Montag, 23. Juli 2018

/dpa

Hamburg – Immer mehr Frauen suchen Schutz vor häuslicher Gewalt in einem der Hamburger Frauenhäuser. „Die Frauenhäuser in Hamburg und in Schleswig-Holstein, mit denen wir eine enge Kooperation haben, sind alle belegt“, sagte eine Mitarbeiterin der Zentralen Notaufnahme der Frauenhäuser in Hamburg. Auch die Notaufnahme, die 15 Plätze für Frauen bietet, sei ausgelastet. „Im Prinzip fehlt in Hamburg ein Frauen­haus, wenn nicht sogar zwei“, meinte die Sozialarbeiterin. 2017 haben 532 Frauen und 516 Kinder in der Notaufnahme der Hamburger Frauenhäuser Zuflucht gefunden.

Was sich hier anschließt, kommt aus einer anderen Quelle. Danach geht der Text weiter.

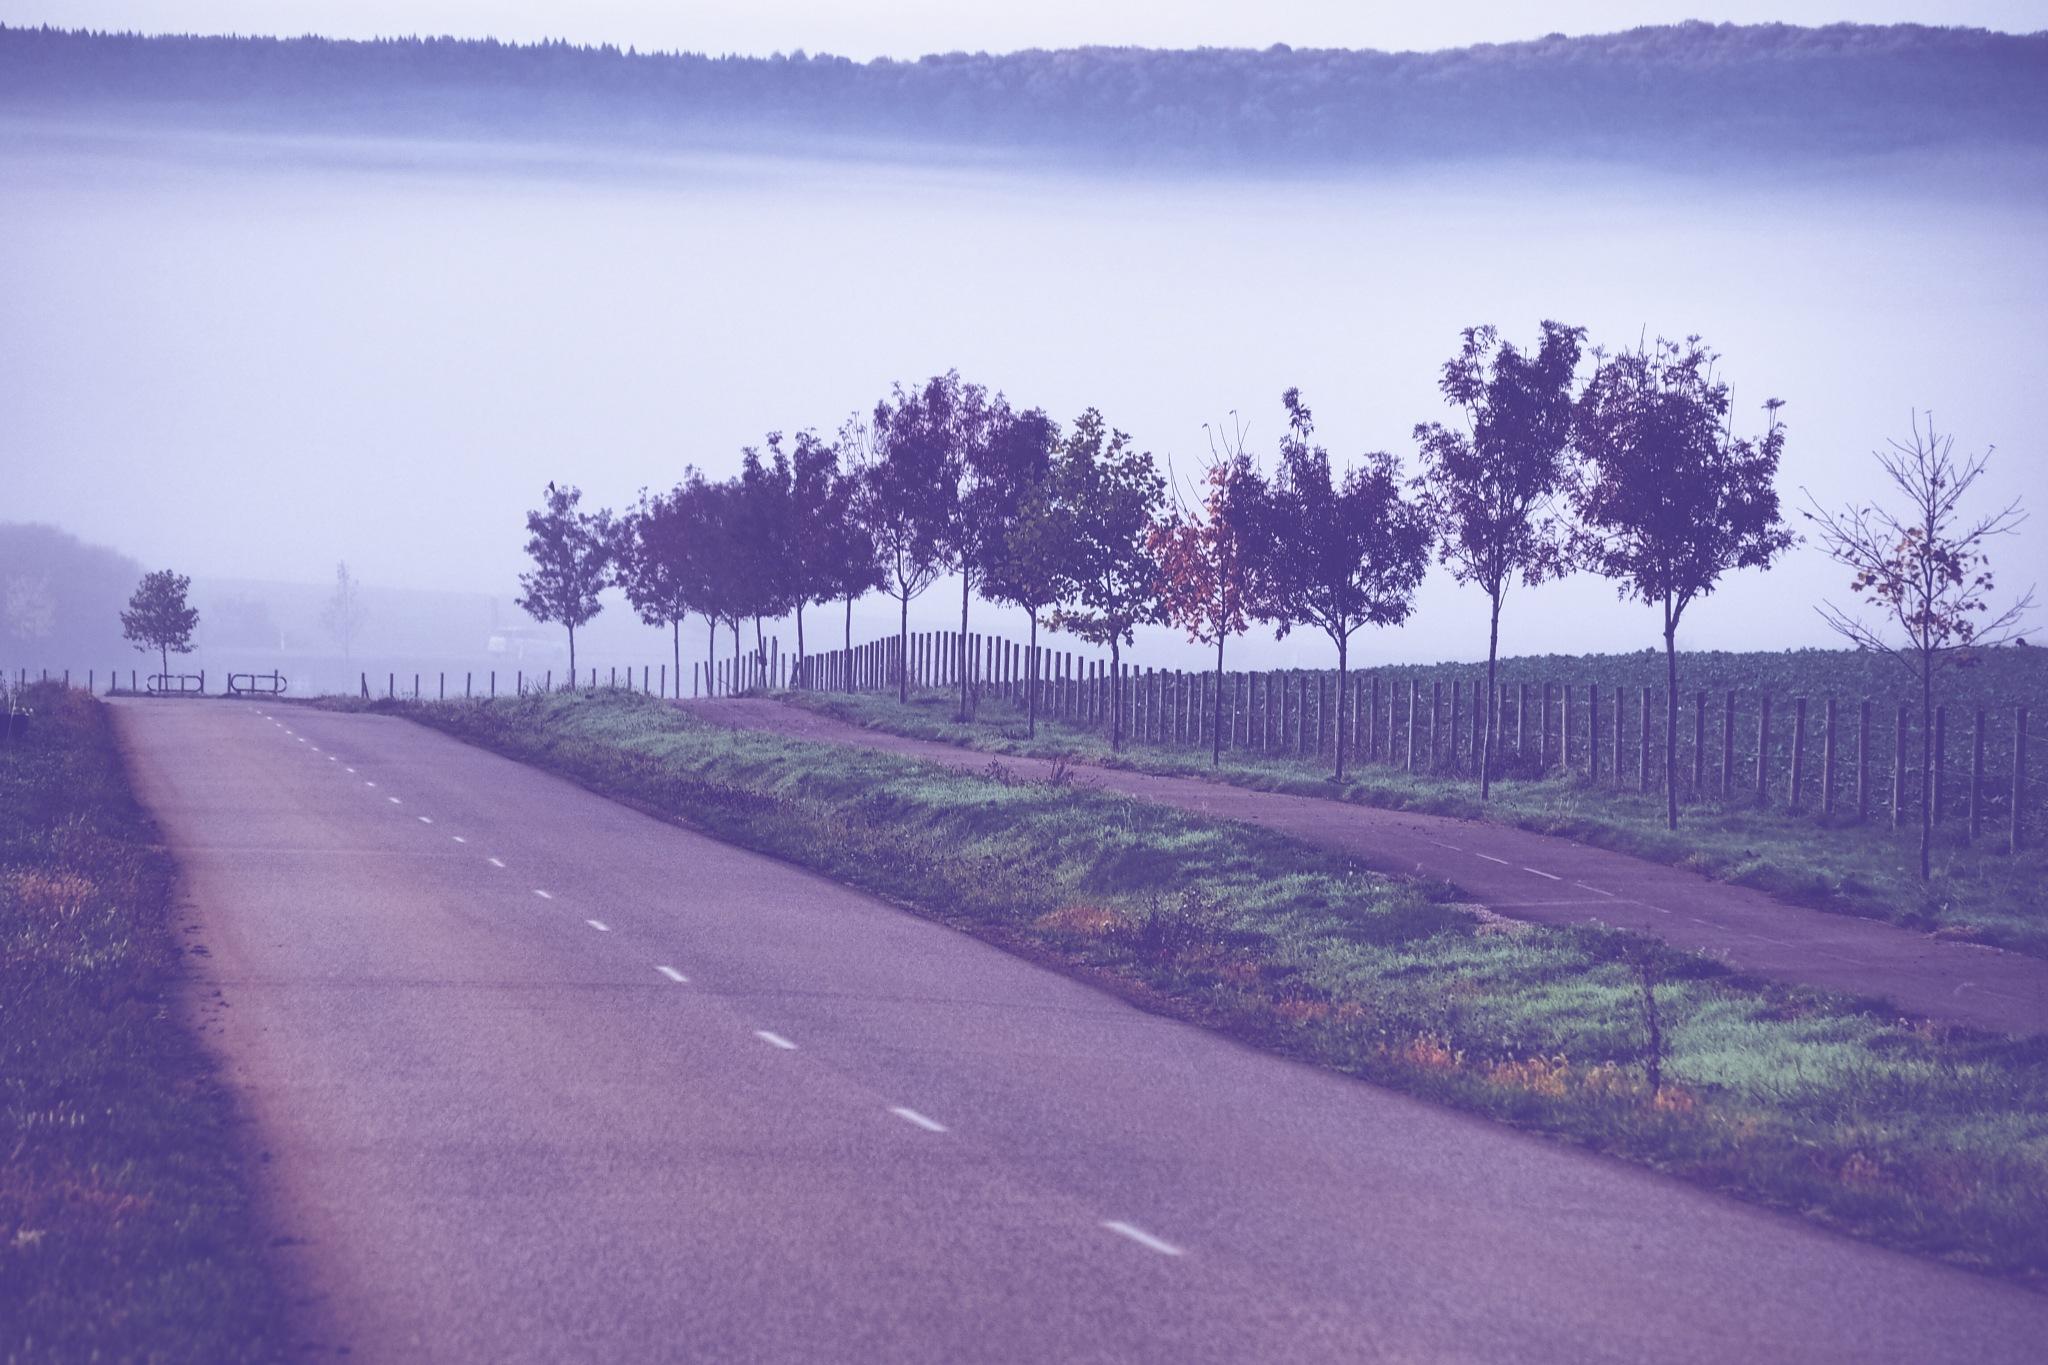 morning mist by alain michel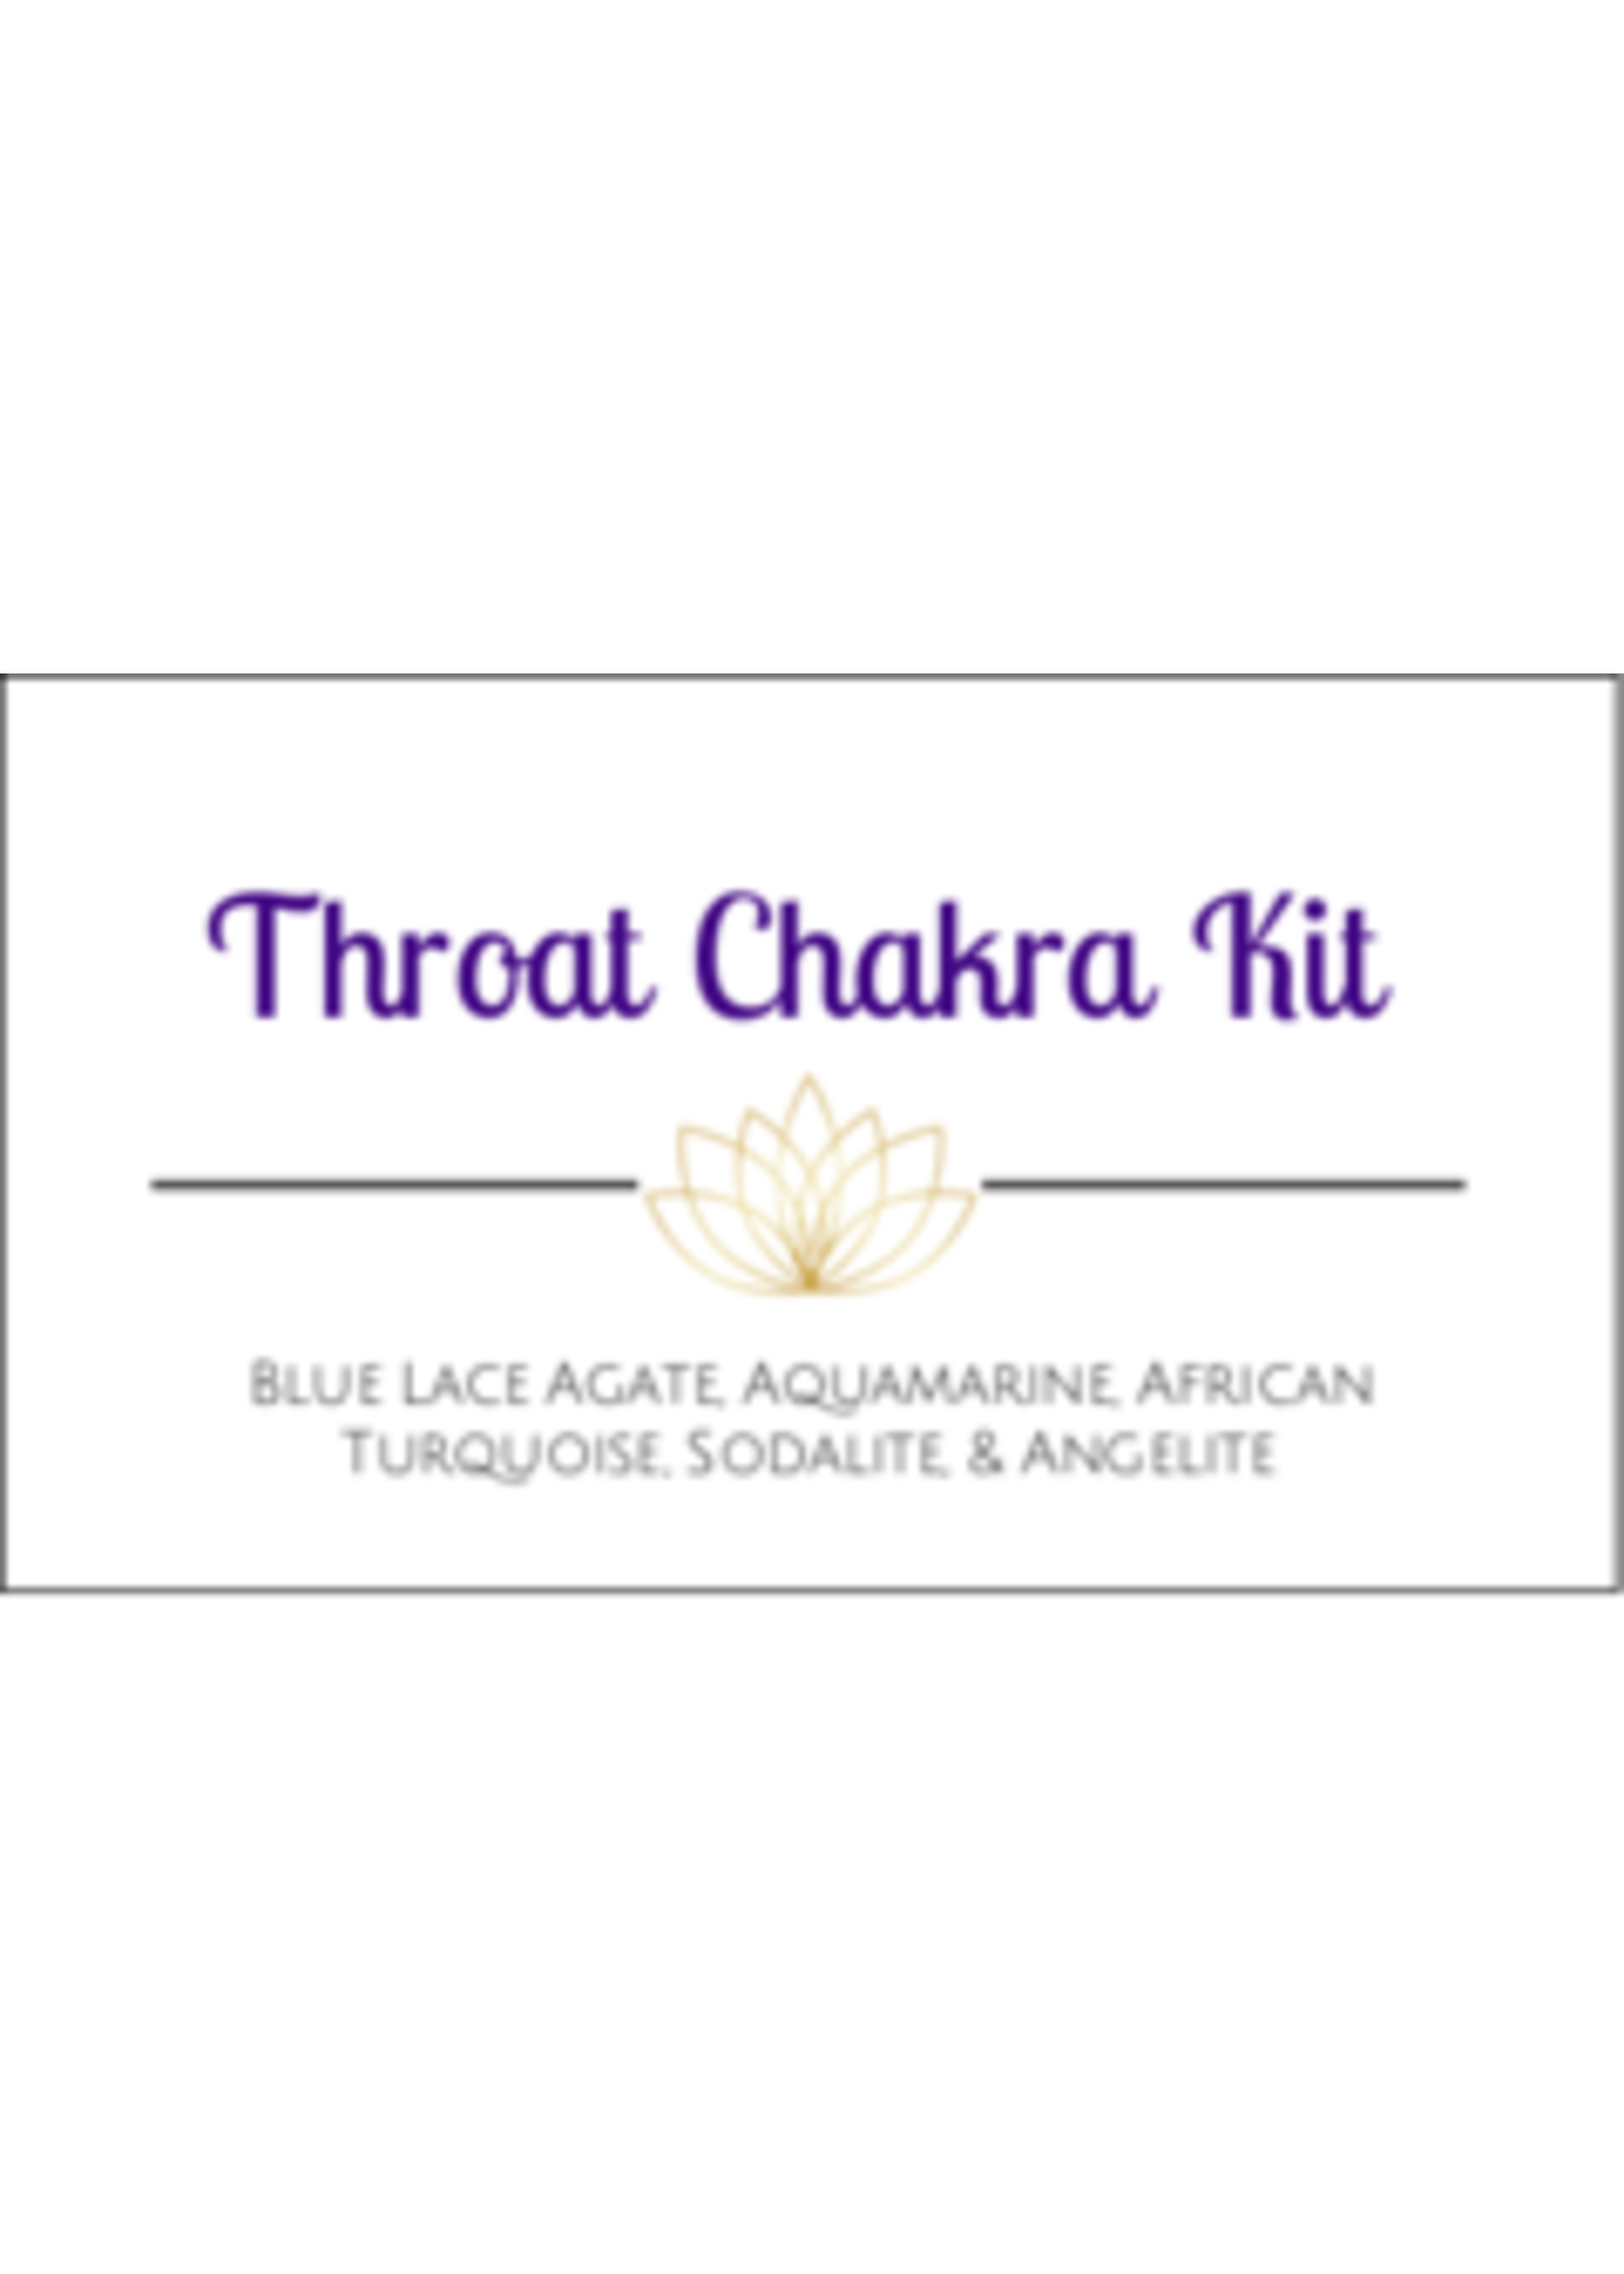 Throat Chakra Crystal Kit Cards - Box of 100

Insgesamt gibt es in Hamburg 207 Plätze für Frauen und ihre Kinder, die Schutz vor Gewalt ihrer Partner oder durch andere Personen suchen. Seit August 2016 gibt es außerdem die Notaufnahme in Hamburg, die die Frauen auf die fünf Frauenhäuser in der Hansestadt verteilt. „Im ersten Halbjahr 2018 konnten 270 Frauen, die sich an die Notaufnahme wendeten oder in dieser Zuflucht fanden, aufgrund von Platzmangel keinen Schutz in einem Frauenhaus finden“, sagte die Mitarbeiterin, die aus Sicherheitsgründen ihren Namen nicht veröffentlichen möchte.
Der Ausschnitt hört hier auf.